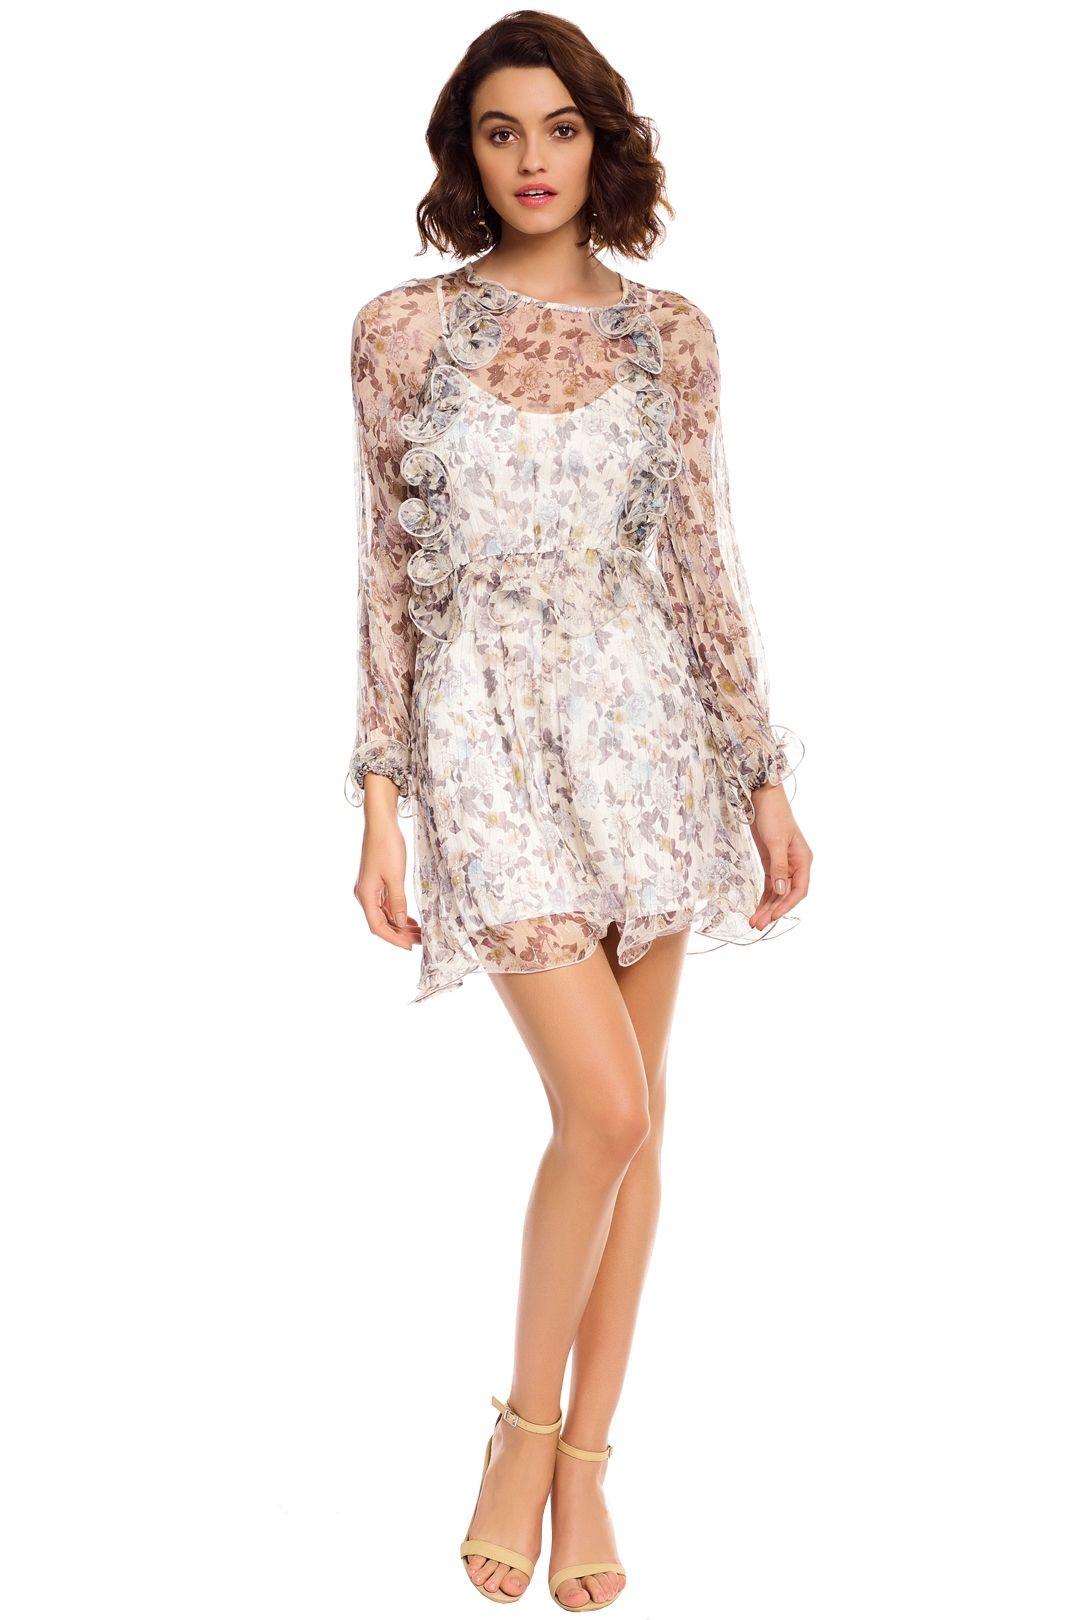 Talulah - Provacateur LS Mini Dress - Ivory Floral Silk - Front
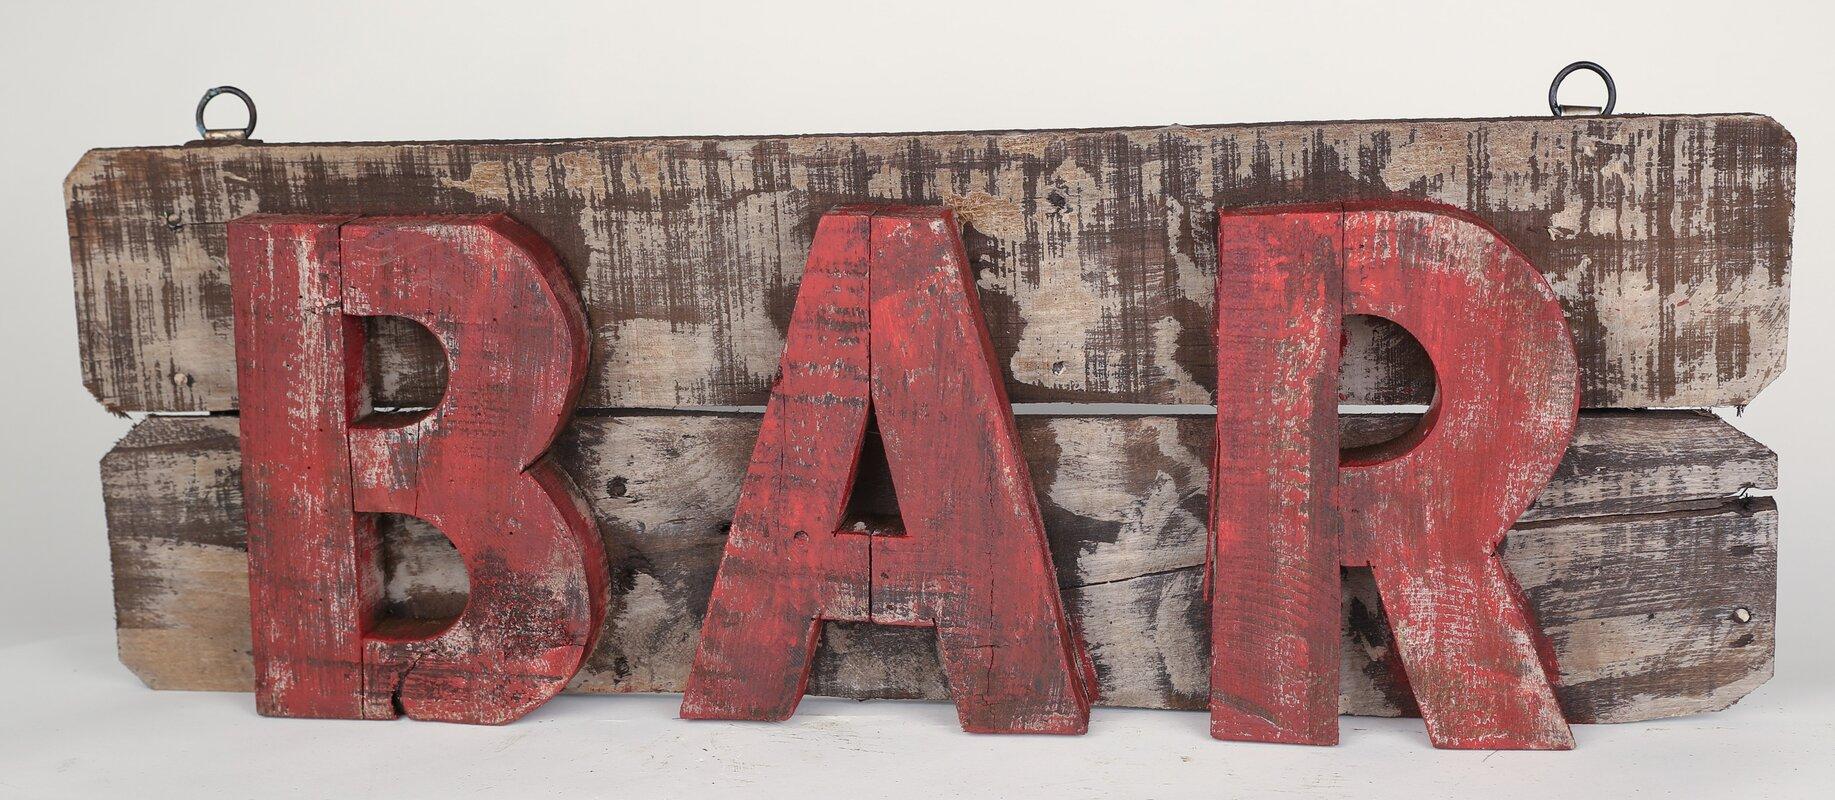 Bar Wall Decor myamigosimports rustic wooden bar sign wall decor & reviews | wayfair
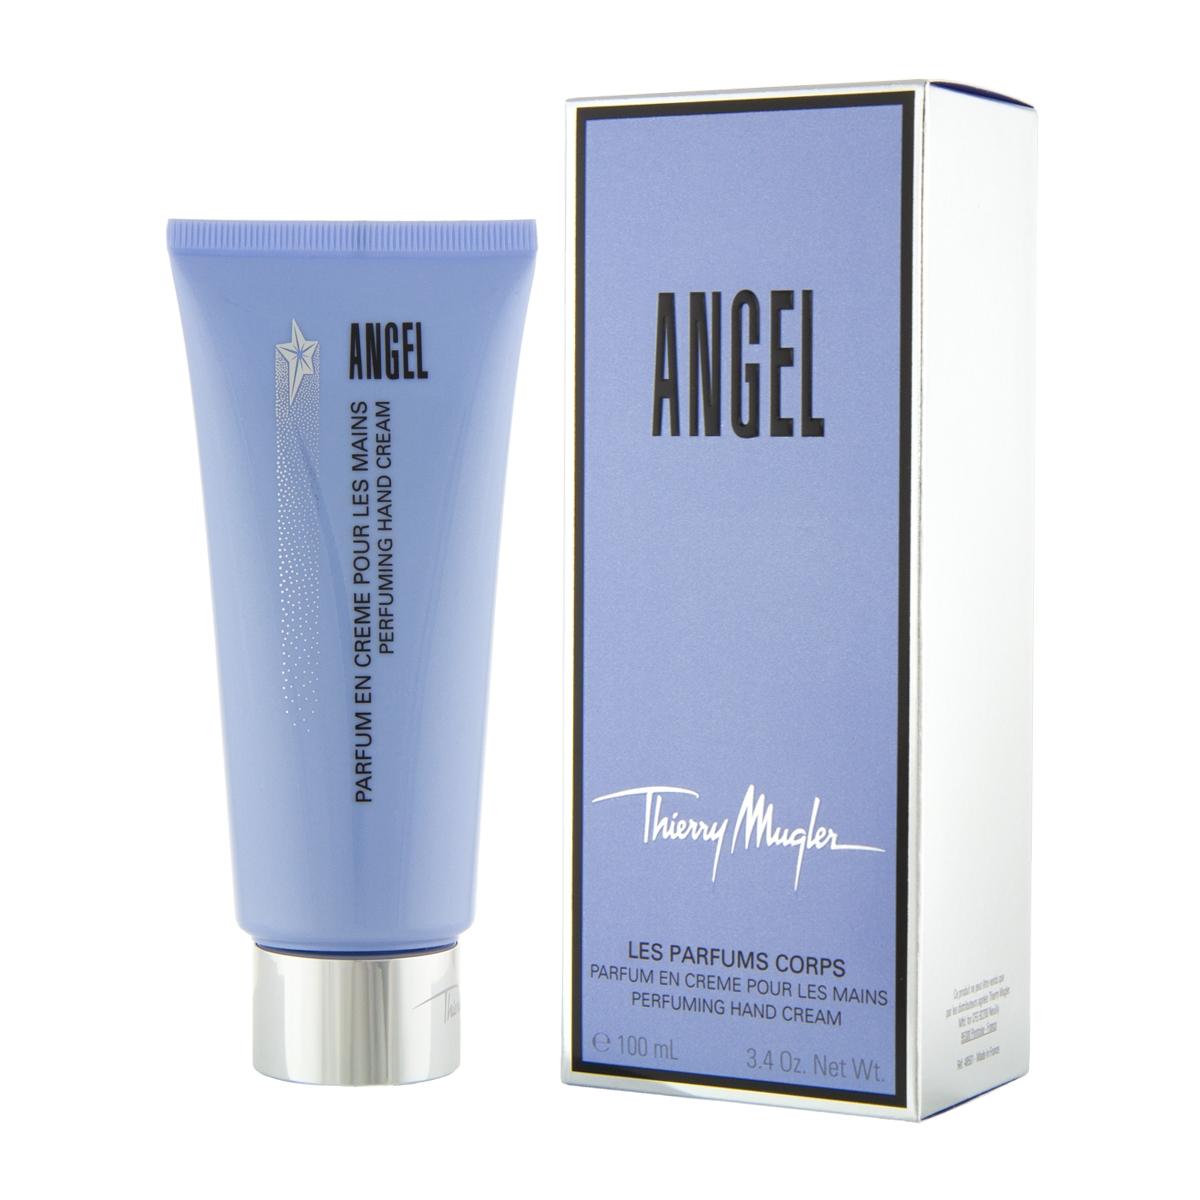 Thierry Mugler Angel krém na ruce 100 ml W

Work order: Exact output of each line above is wanted, without the pictures.

Written answer:
 Talulah - Provacateur LS Mini Dress - Ivory Floral Silk - Front
 Bar Wall Decor myamigosimports rustic wooden bar sign wall decor & reviews | wayfair
 Thierry Mugler Angel krém na ruce 100 ml W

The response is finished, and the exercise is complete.